Bagaimana bisa Pemerintah Dunia harus ‘tunduk’ dalam mandat seorang mafia? Joker jawabannya. Selain ia memiliki darah bangsawan yang pernah berdomisili di Mariejois, yaitu tempat bagi Terynobito dan keluarganya. Namun, seperti yang dikisahkan Aristoteles mengenai aristokrasi yaitu pada kasus yang terjadi dengan orang-orang yang di Sparta disebut Partheniae. Yang merupakan putra-putra (tidak sah) dari bangsawan Sprata; mereka berkomplot bersama tetapi tercium, dan dipencarkan untuk mendiami Tarentum.[vii]

Sebagai gambaran akan dunia bangsawan yang sarat akan kekuasaannya.

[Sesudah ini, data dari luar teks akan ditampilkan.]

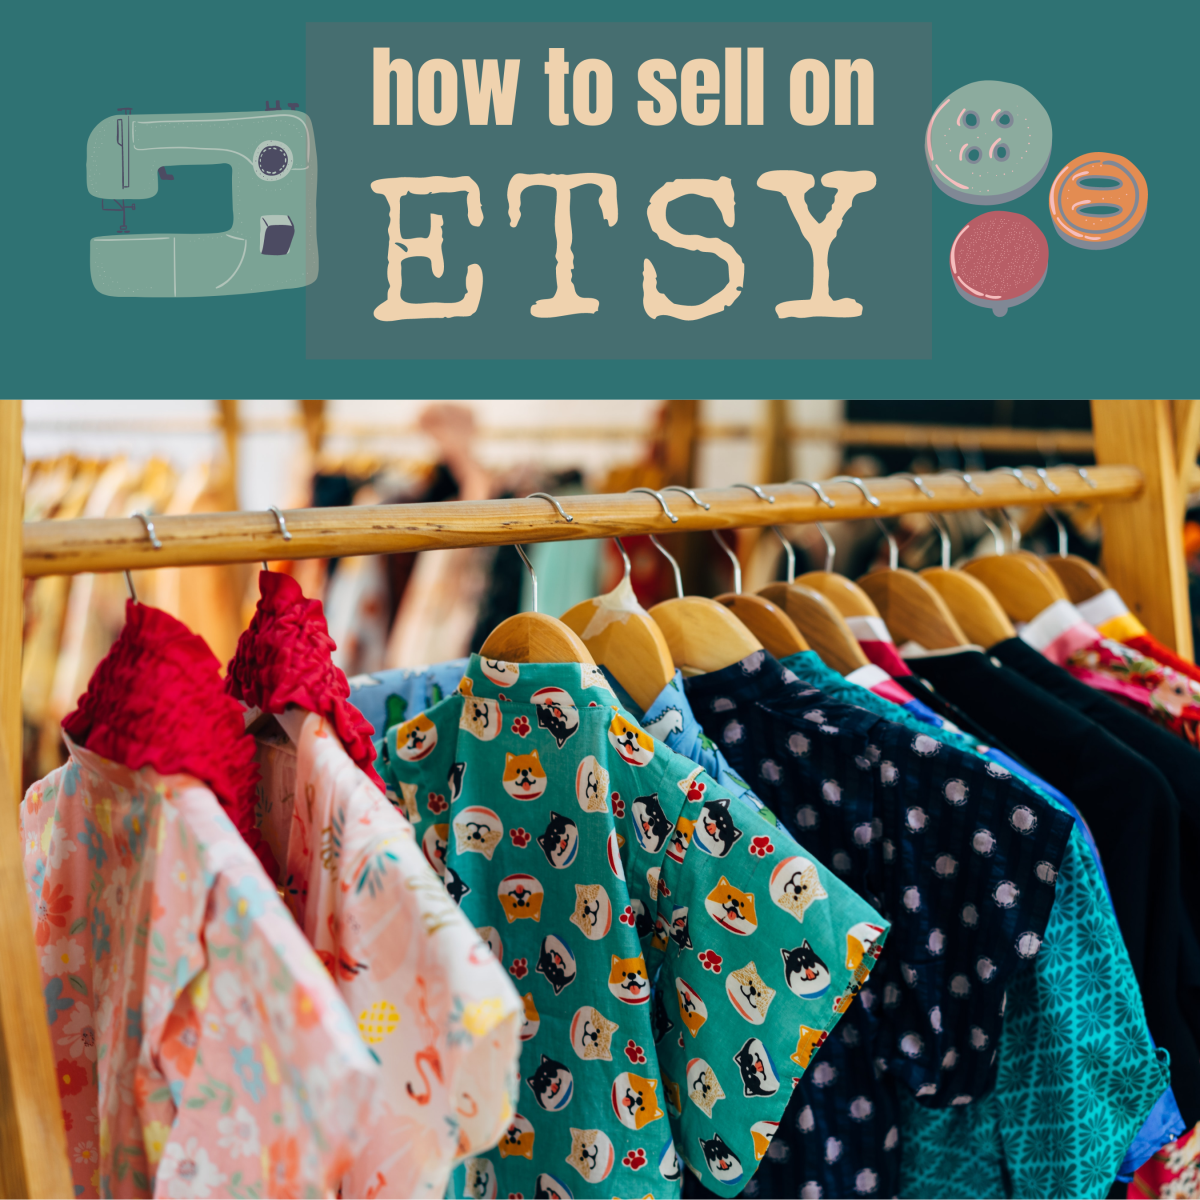 How to sell successfully on Etsy.

Aristoteles juga menambahkan, keruntuhan aristokrasi, dan juga pemerintahan konstitusional (polity) terutama disebabkan oleh beberapa penyimpangan dan keadilan di dalam konstitusi itu sendiri.

Kembali pada Dressrosa, Joker dengan privilesenya mampu merekayasa media cetak pada saat itu, dengan berita palsu tentang pengunduran dirinya dari Shichibukai yang membuat rakyatnya mendatangi rumahnya untuk meminta klarifikasi atas berita tersebut. Namun, ia tetap tenang ala aristokrat mainstream dengan senyum lebarnya saat menghadapi permasalahan yang menimpa dirinya.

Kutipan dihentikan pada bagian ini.